Fixing the Internet Protection Act
There are ways to approach the problem of Internet bullying that would not violate the First Amendment, and would solve the problem of Internet incivility, which continues to grow largely because of the option of anonymity. Rather than the government’s effectively banning Internet anonymity—which would fly in the face of the First Amendment—the New York Assembly could provide a remedy for Internet harassment that is similar to the process that many states have provided for dealing with in-person stalking and domestic harassment.
Most states have laws that make it relatively easy for any person to obtain a protective order if he or she is being stalked or harassed by another person. Obtaining such an order does not require an attorney, and most states have websites that explain exactly how to obtain such a protective order in very non-legalistic terms. While there is debate about the effectiveness of such protective orders, there is no question that the process of obtaining such orders has been made citizen-friendly in many states. It is this process that provides an outline for an approach that might be used by the Internet Protection Act. Under that approach, a person who is a victim of anonymous Internet harassment could obtain a court order enabling him or her to learn the identity of his or her tormentor, through a process that would be relatively easy, and involve only nominal expense.
Granted, not all anonymous Internet abuses of others rise to the level of a potentially harmful physical threat, defamation, or the infliction of sufficient emotional distress that law enforcement or legal action is appropriate. But that does not mean that no serious problem exists. There are endless examples of cases where anonymity has been used to abuse others, psychologically or by falsely characterizing their businesses, and this abuse and deception calls out for a remedy. Easy and inexpensive access to a subpoena that would uncover the person responsible for the misconduct would solve the problem of how to deal with most of these situations. Indeed, the very fact that such a remedy was available would cause most of those who would otherwise be inclined to abuse Internet anonymity to avoid such conduct, lest their identities be exposed.

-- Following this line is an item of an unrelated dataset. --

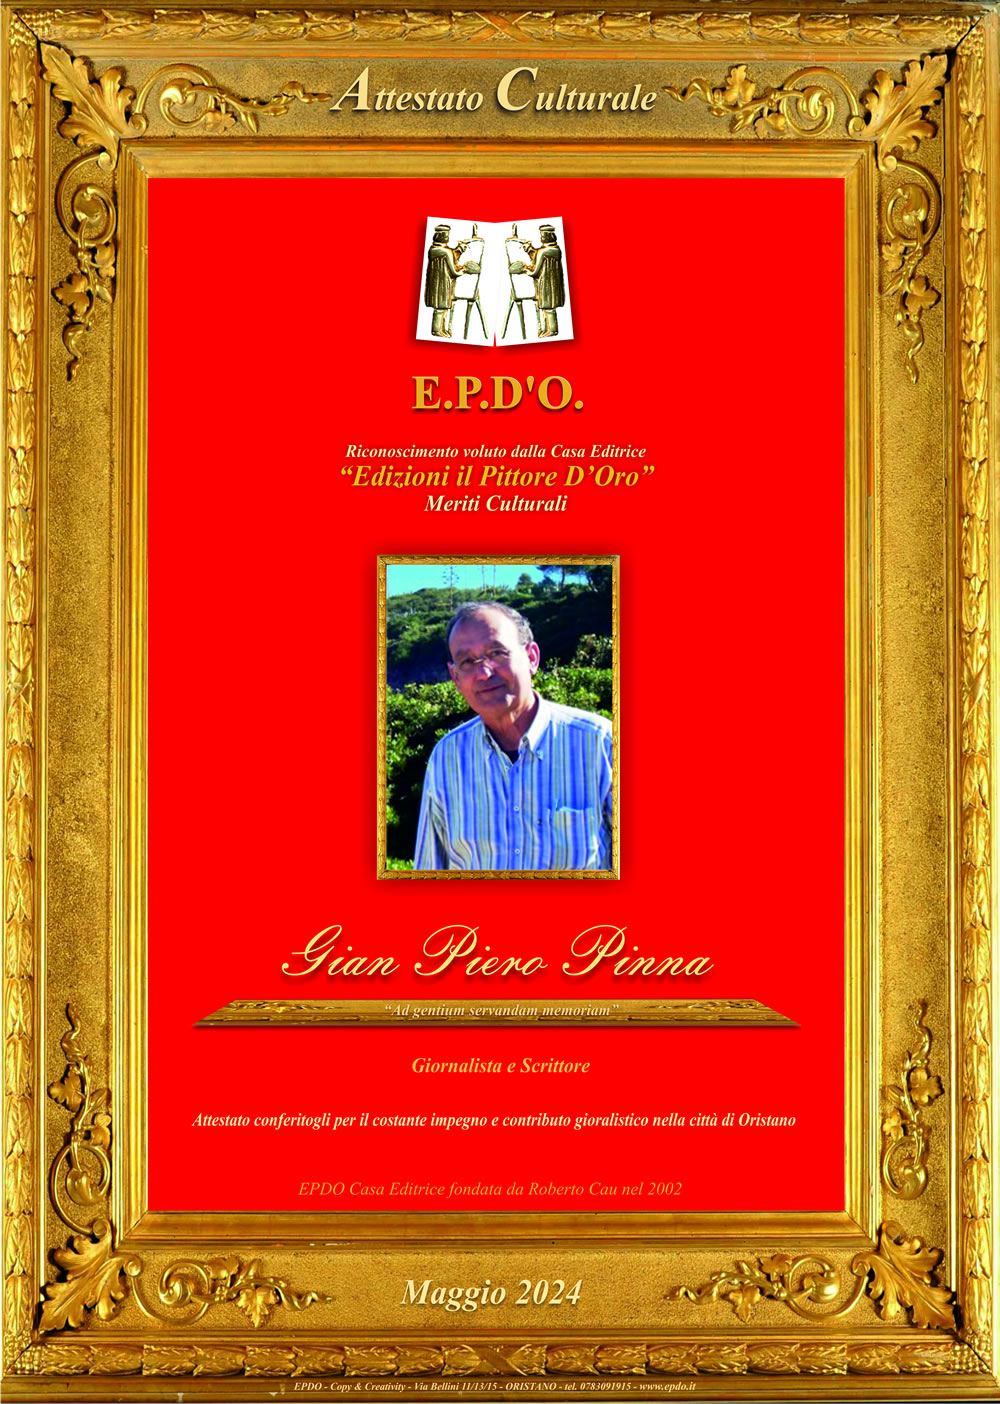 EPDO - Attestato Culturale Gian Piero Pinna

Of course, there are occasions and situations where anonymity is important, and even necessary, times where it encourages vital communications that can make the world a better place. But using anonymous posts on the Internet to intimidate and harm another person or business is an inappropriate and unjustified use of anonymity. In the name of civility, which is essential to civilization and particularly essential to a democracy, everyone should encourage the efforts in the New York Assembly and Senate. Rather than explain why these well-intentioned legislators supposedly cannot constitutionally do what they seek to do, we should be looking for ways in which we can help them accomplish their goal of restoring civility.
I have suggested one approach to the issue here. Undoubtedly, there are many others. Please think about approaches to the issue, and share your positive thoughts with The Internet Protection Act sponsors in the New York Assembly: Assemblyman Dean Murray and Senator Tom O’Mara. In the Assembly, the bill has 27 co-sponsors. However, it had no co-sponsors in the Senate, as of when I last checked.
It is long past time to start finding solutions to anonymous cyberbullying and other abuses of the Internet. Rational people everywhere should appreciate this legislative effort, thank the sponsors, and if possible, make suggestions that will aid the ultimate passage of the law they propose.